Well, I, for one, resent it when a representative of the people refers to you and me, the free men and women of this country, as “the masses.” This is a term we haven’t applied to ourselves in America. But beyond that, “the full power of centralized government”—this was the very thing the Founding Fathers sought to minimize. They knew that governments don’t control things. A government can’t control the economy without controlling people. And they know when a government sets out to do that, it must use force and coercion to achieve its purpose. They also knew, those Founding Fathers, that outside of its legitimate functions, government does nothing as well or as economically as the private sector of the economy.

Now, we have no better example of this than government’s involvement in the farm economy over the last 30 years. Since 1955, the cost of this program has nearly doubled. One-fourth of farming in America is responsible for 85 percent of the farm surplus. Three-fourths of farming is out on the free market and has known a 21 percent increase in the per capita consumption of all its produce. You see, that one-fourth of farming -- that’s regulated and controlled by the federal government. In the last three years we’ve spent 43 dollars in the feed grain program for every dollar bushel of corn we don’t grow.
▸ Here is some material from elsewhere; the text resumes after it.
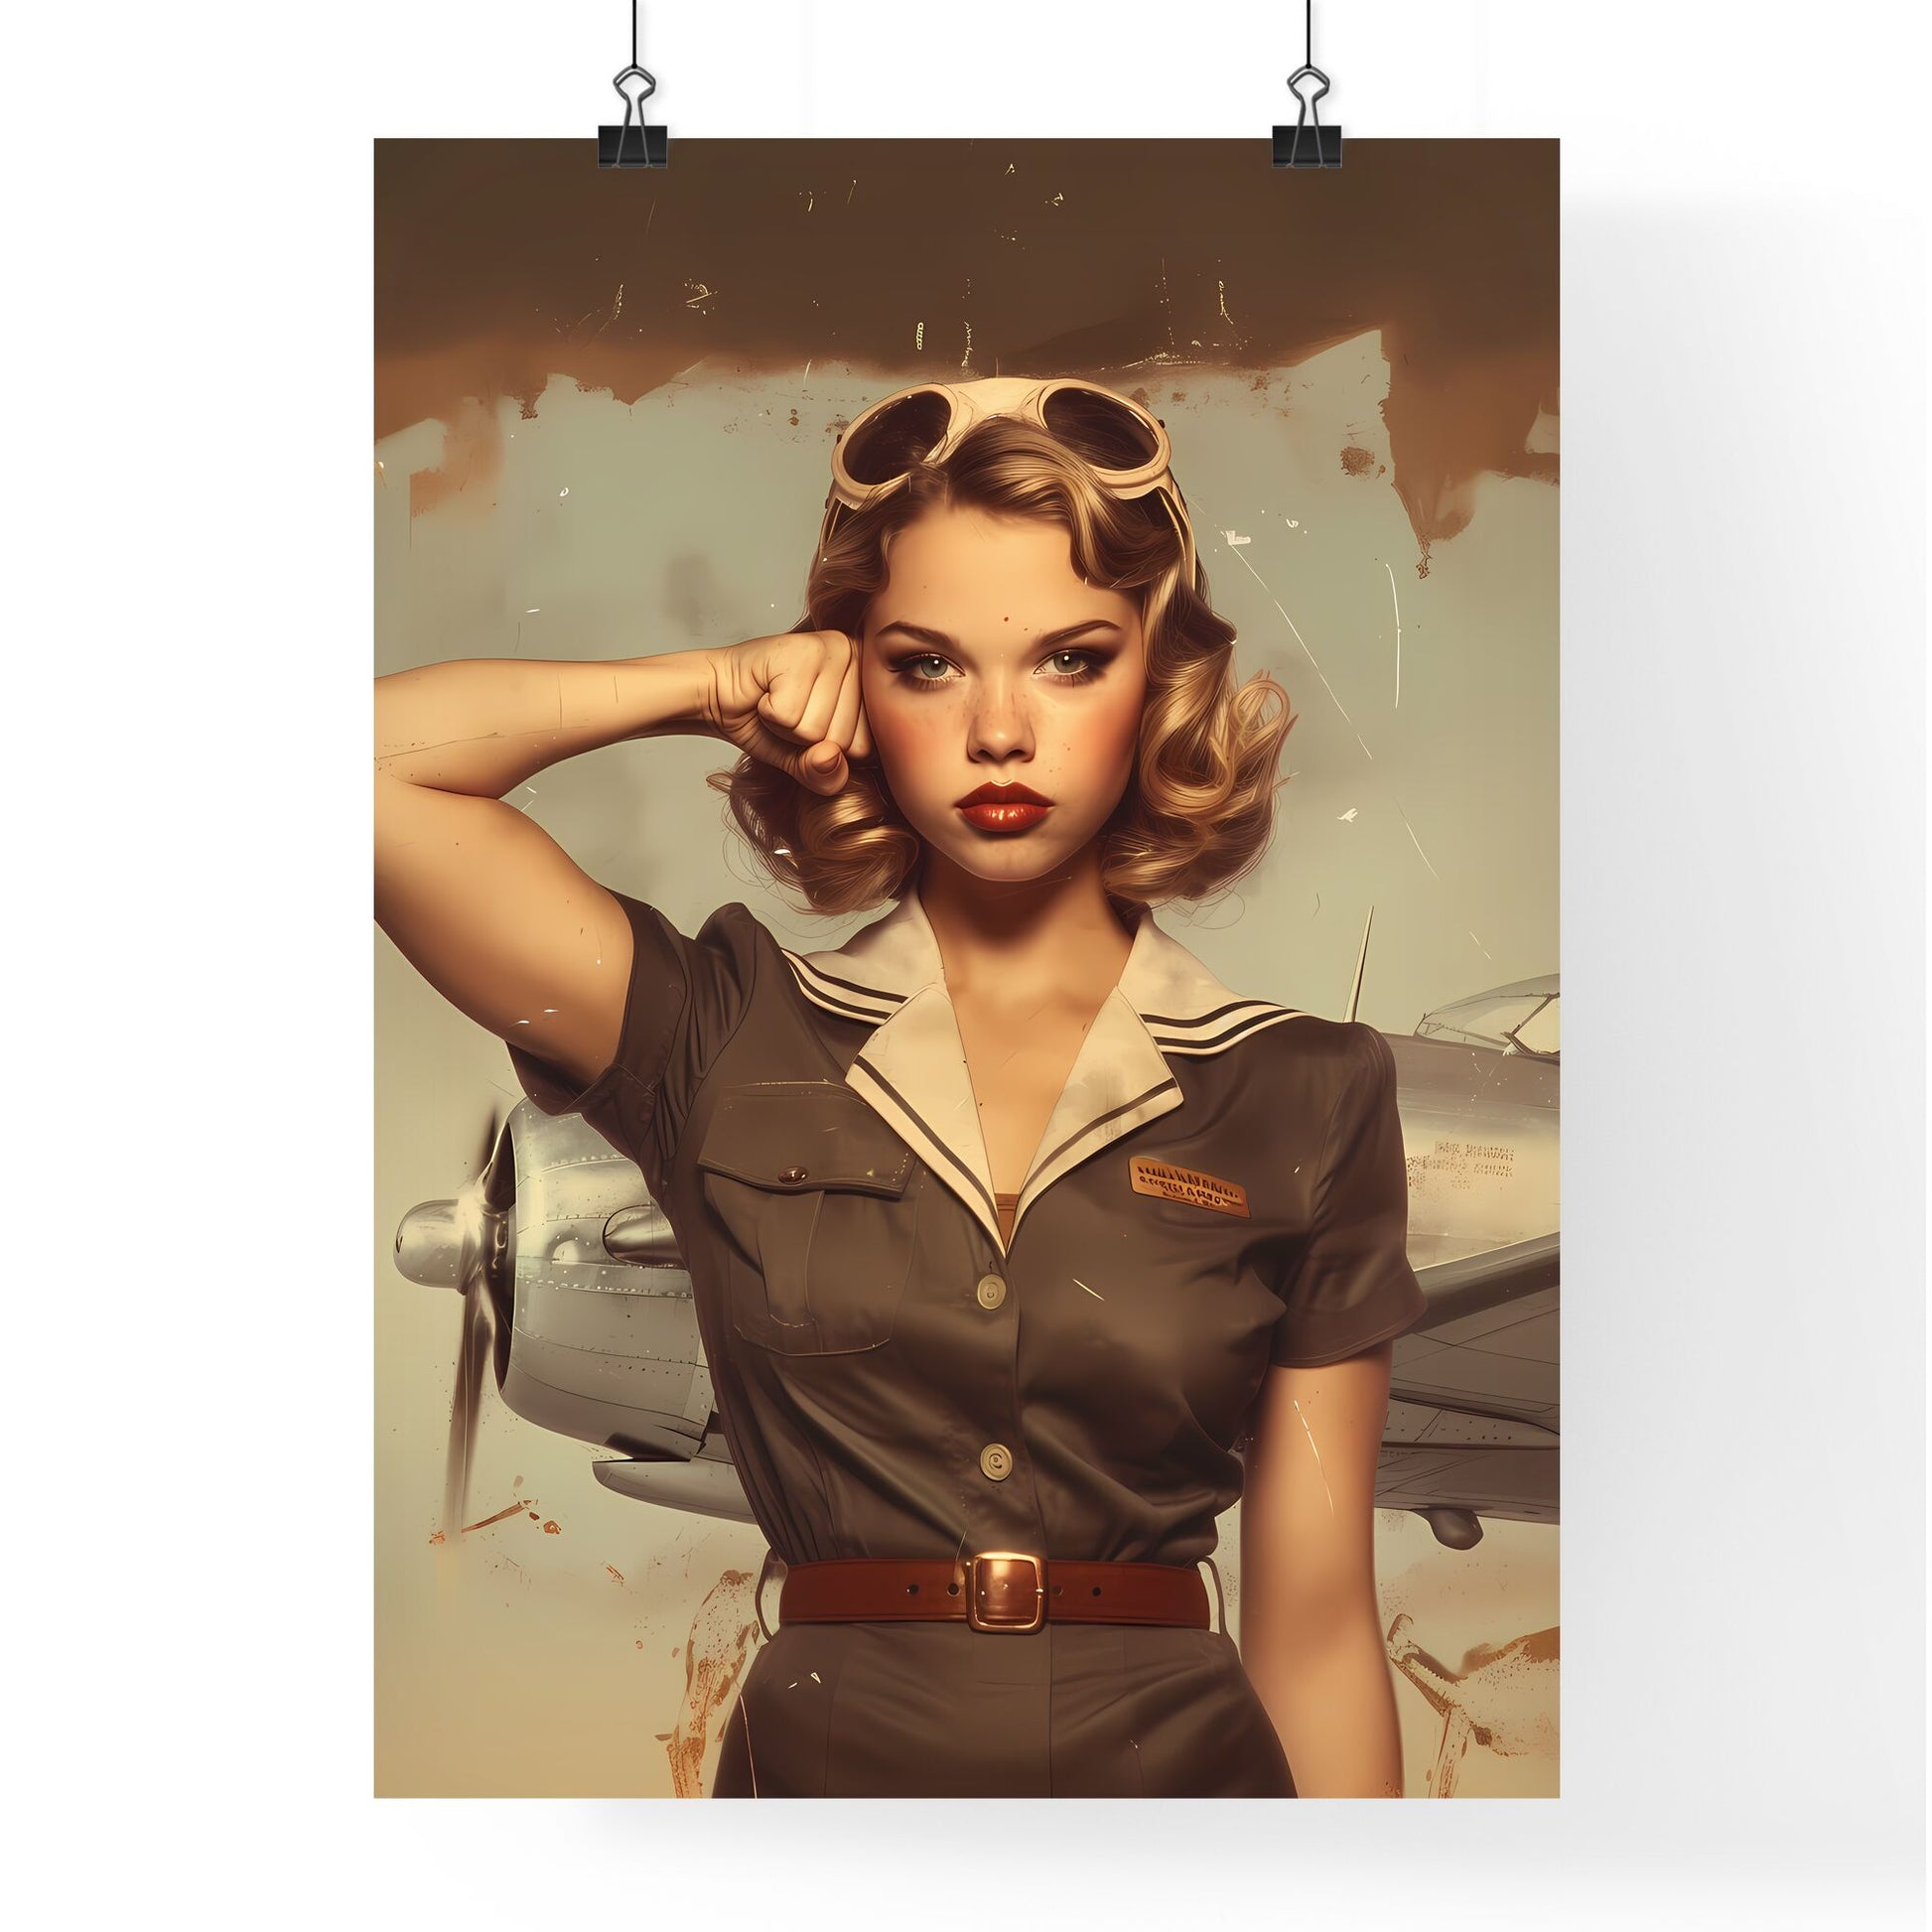 You can do it woman, vintage artwork, flexing bicep, wearing flight attendant uniform, making a serious face - Art print of a woman in uniform with goggles on her head Default Title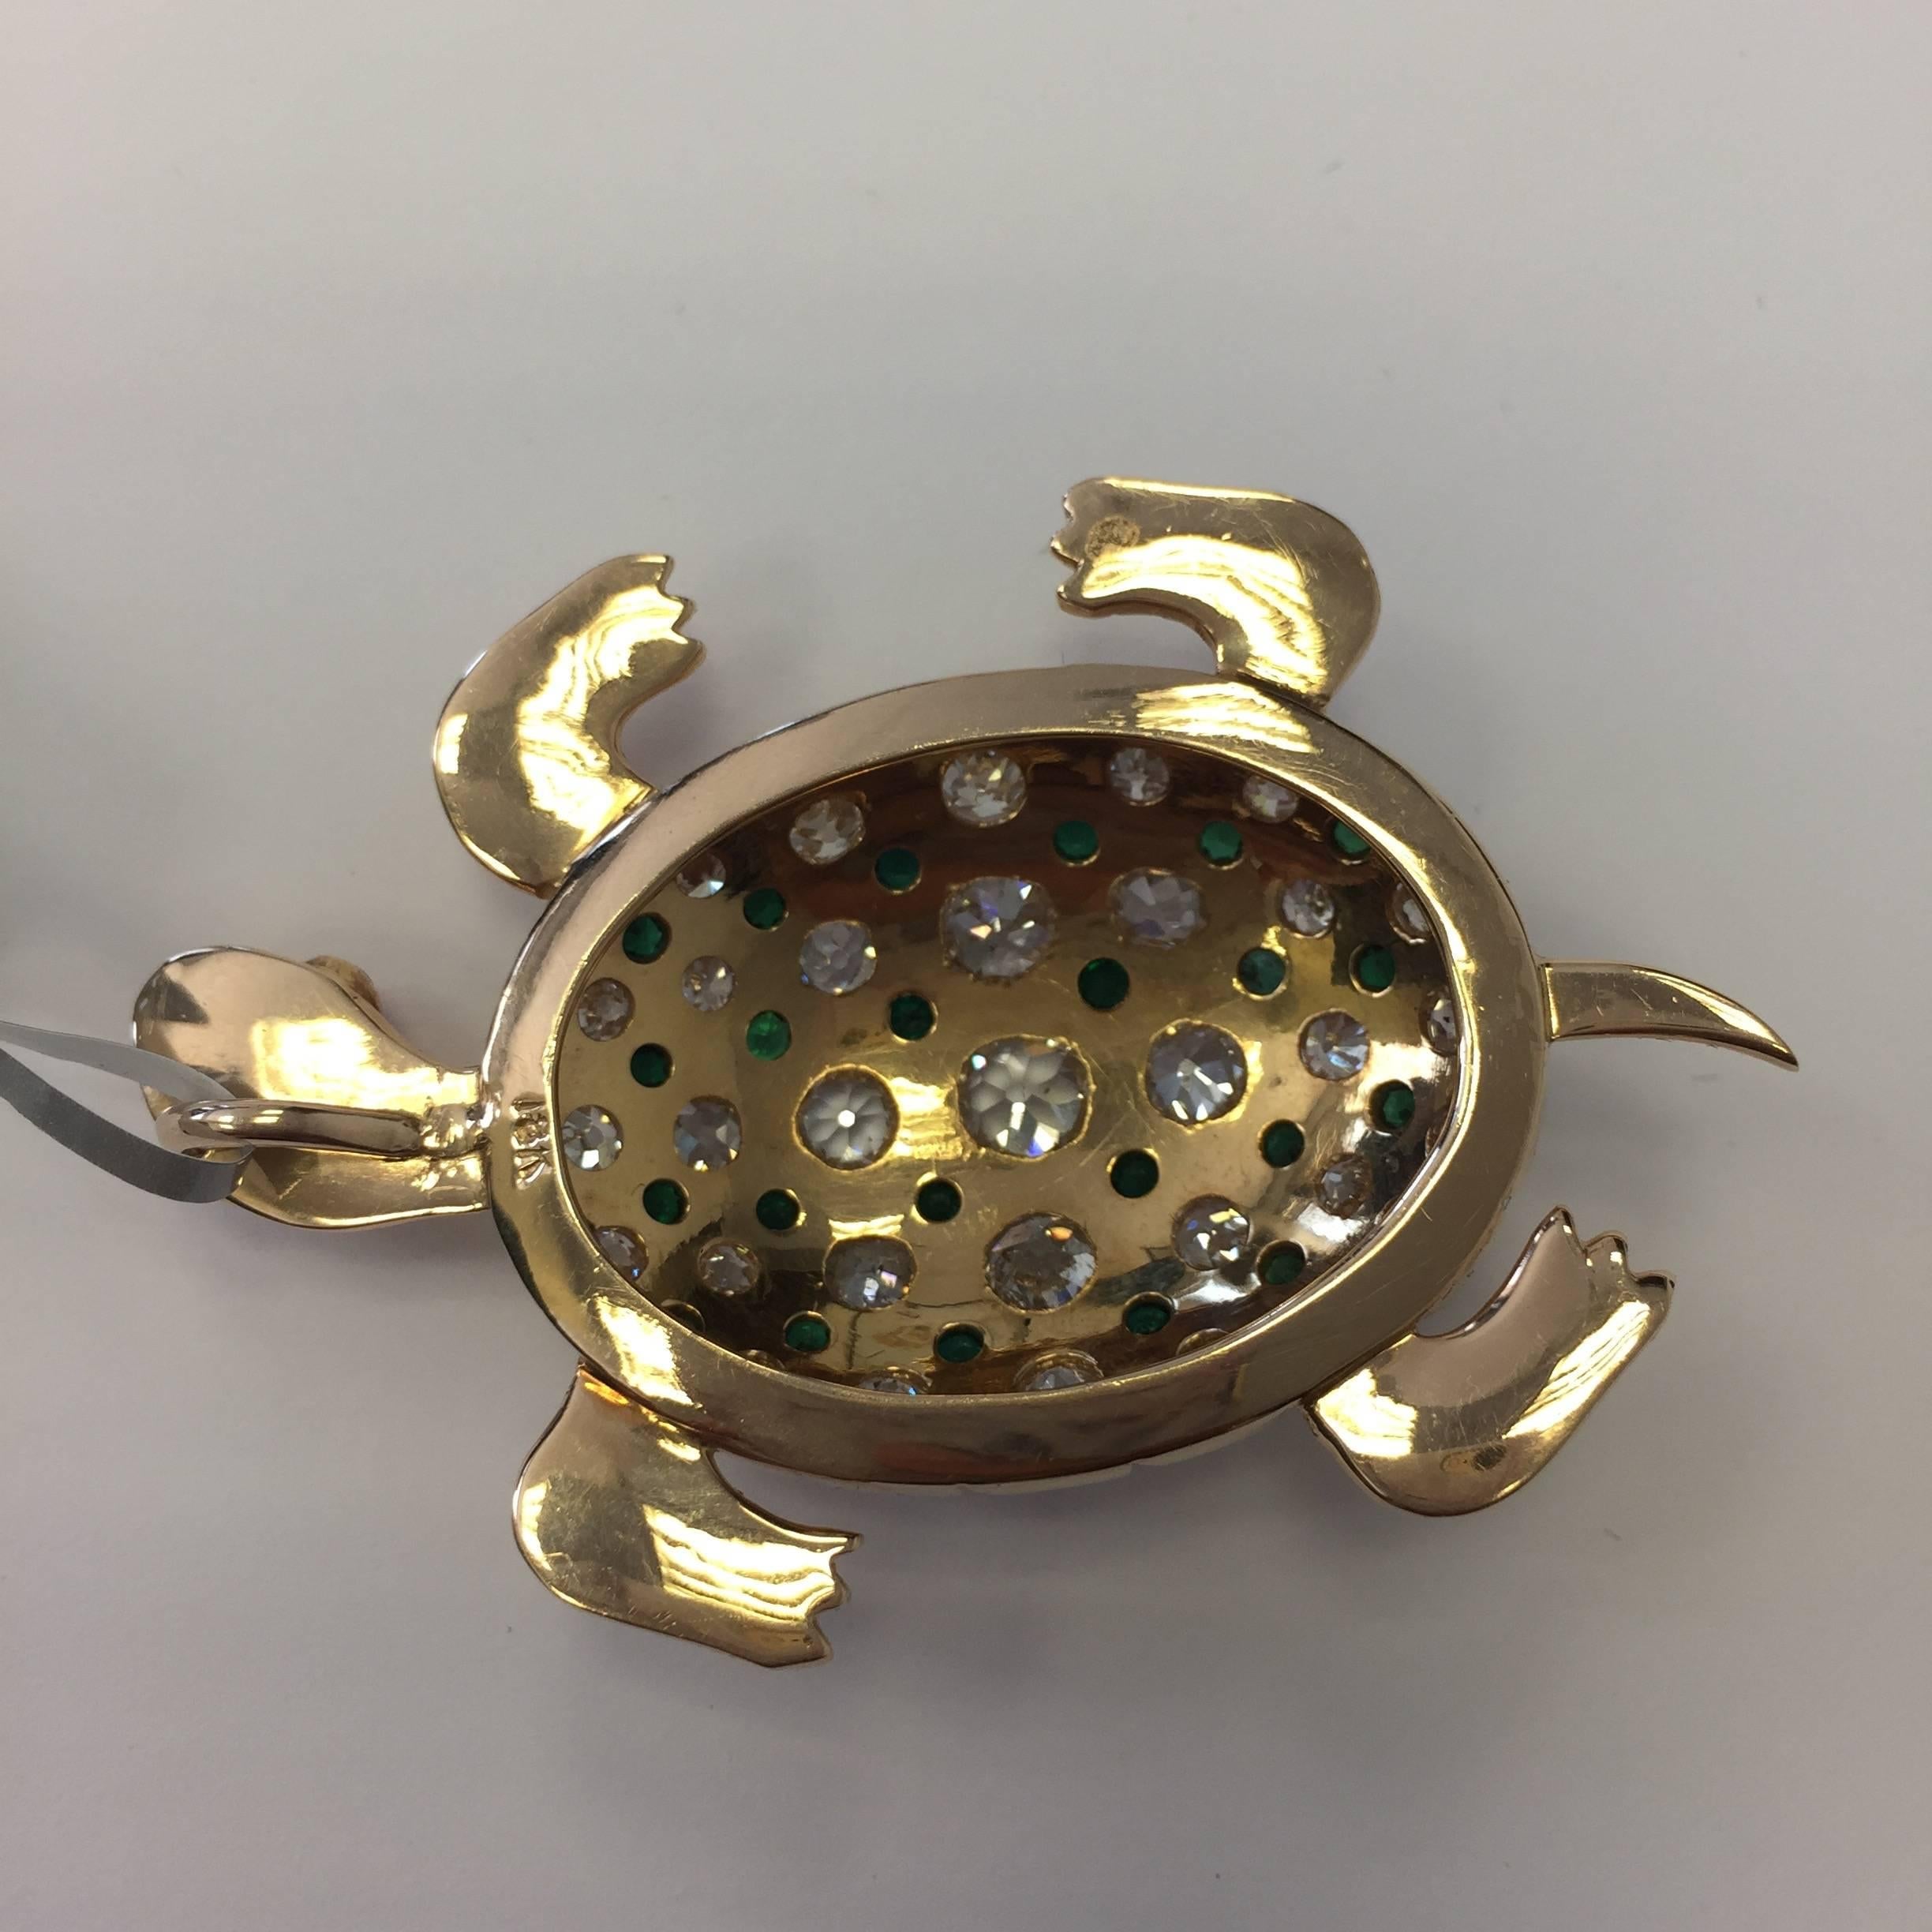 This ornate yet delicate turtle slider pendant showcases 6 carats of diamonds, 2.55 cts of green tsavorites, and pink tourmalines in 18k yellow gold.  Beautifully made and in excellent condition.

Senator Humphrey last week charged that Barry Goldwater, as
President, would seek to eliminate farmers. He should do his homework a little better, because he’ll find out that we’ve had a decline of 5 million in the farm population under these government programs. He’ll also find that the Democratic administration has sought to get from Congress [an] extension of the farm program to include that three-fourths that is now free. He’ll find that they’ve also asked for the right to imprison farmers who wouldn’t keep books as prescribed by the federal government. The Secretary of Agriculture asked for the right to seize farms through condemnation and resell them to other individuals. And contained in that same program was a provision that would have allowed the federal government to remove 2 million farmers from the soil.